Truth, Lies and Afghanistan
Garbage. All I've been thinking about
all week is garbage.
I mean, I just can't stop thinking about it
--Sex, Lies and Videotape (1989)
________________
The Armed Forces Journal ran a piece earlier this month by Lieutenant Colonel Daniel L. Davis, "Truth, Lies and Afghanistan: How Military Leaders Have Let Us Down." After two year-long tours in the country, Davis decided to write about how the reality he saw did not mesh with the spin.
While it is commendable that LTC Davis spoke his truth, Ranger will fish out the problematic details.
In his first graph, Davis speaks of "the enemy", but of whose enemy is speaking? Are the enemies of the Afghan government enemies of my country? Is the U.S. war fighting or doing counterinsurgency (COIN)? What is our mission? How did killing Taliban become a U.S. war policy?
Davis says he deployed hoping to find local governments and military "progressing toward self-sufficiency", but becoming self-sufficient is not an outcome of the application of military power; to the contrary. A nation has military power because it is self-sufficient. Mirroring U.S. policy, LTC Davis puts the cart before the horse.
Writes Davis:
I saw the incredible difficulties any military force would have to pacify even a single area of any of those provinces; I heard many stories of how insurgents controlled virtually every piece of land beyond eyeshot of a U.S. or International Security Assistance Force (ISAF) base.
How does "pacification" relate to the U.S. effort? What is pacification, and is it a part of nation-building? Have there been any precedents for successful military pacification programs central to a U.S. mission in a theatre scenario? Surely it is not as simple as occupying key terrain and killing all opposition forces.
Is it possible that the insurgents, the Taliban and the Afghan people are not aligned with U.S. goals? Davis saw "little or no evidence" of a government capable of providing even basic needs, and "[s]ome of the Afghan civilians I talked with said the people didn’t want to be connected to a predatory or incapable local government."

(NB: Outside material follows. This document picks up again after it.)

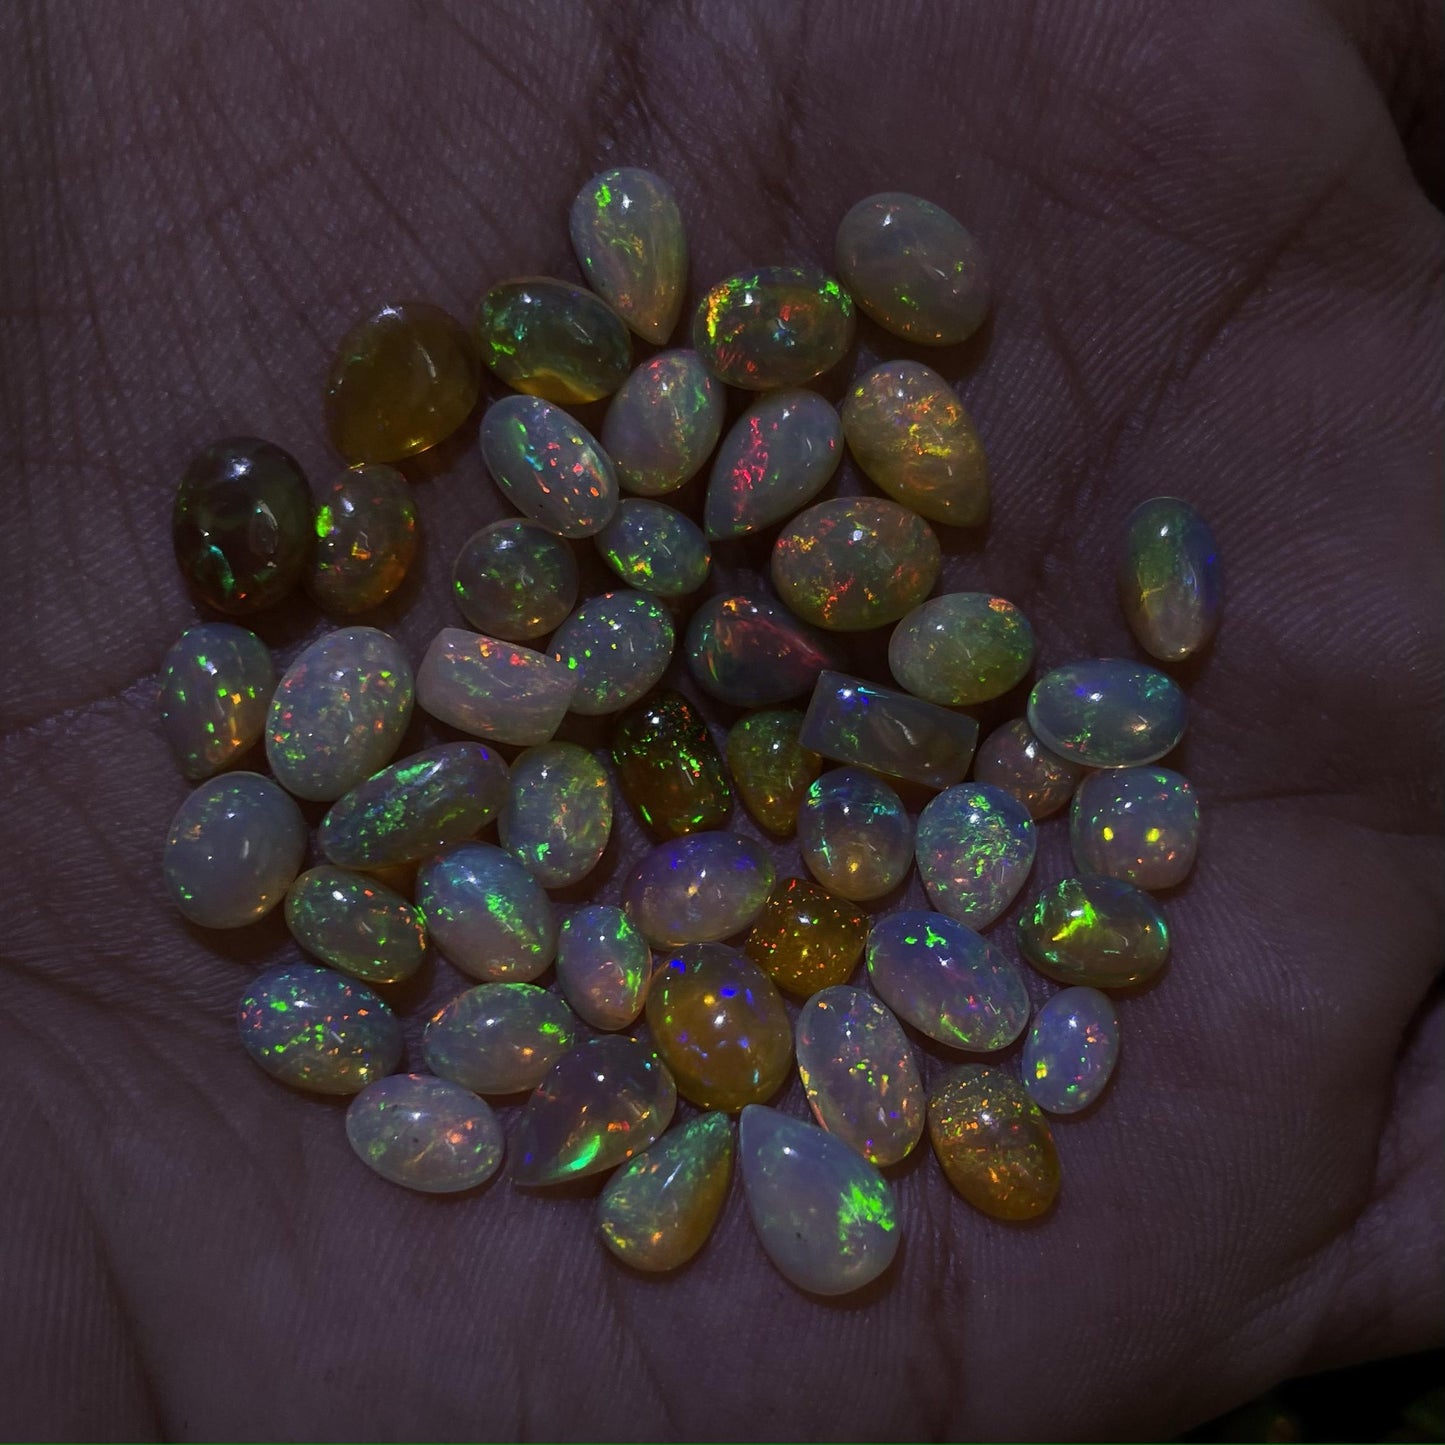 Exquisite Natural Ethiopian Opal Cabochon: Stunning 0.4 cts of Natural Beauty

If true, then there is no government structure in Afghanistan -- only a poor simulacrum reliant totally on U.S. arms to subjugate the population. This is not a reason for the U.S. military to be killing people on a daily basis, and Davis suggests as much.
When speaking of the police, Davis asks a police captain if they send out harassing patrols, but harassing patrols and combat patrols are military functions, and should be separate from police authority. Police should not hunt people down for the purpose of killing them; they are law enforcement, not war fighters.
Of course, the police captain thought Cavalry LTC Davis's question nuts:
“No! We don’t go after them,” he said. “That would be dangerous!”
The captain made a sane response. Sticking him and his officers out in the middle of a lawless nowhere is nuts. How does it benefit anything if another firefight happens or not? If their government is a chimera, why would anyone expect the police to die for a fantasy? Afghan policemen are not Cav troopers; the latter get to go home after their tours.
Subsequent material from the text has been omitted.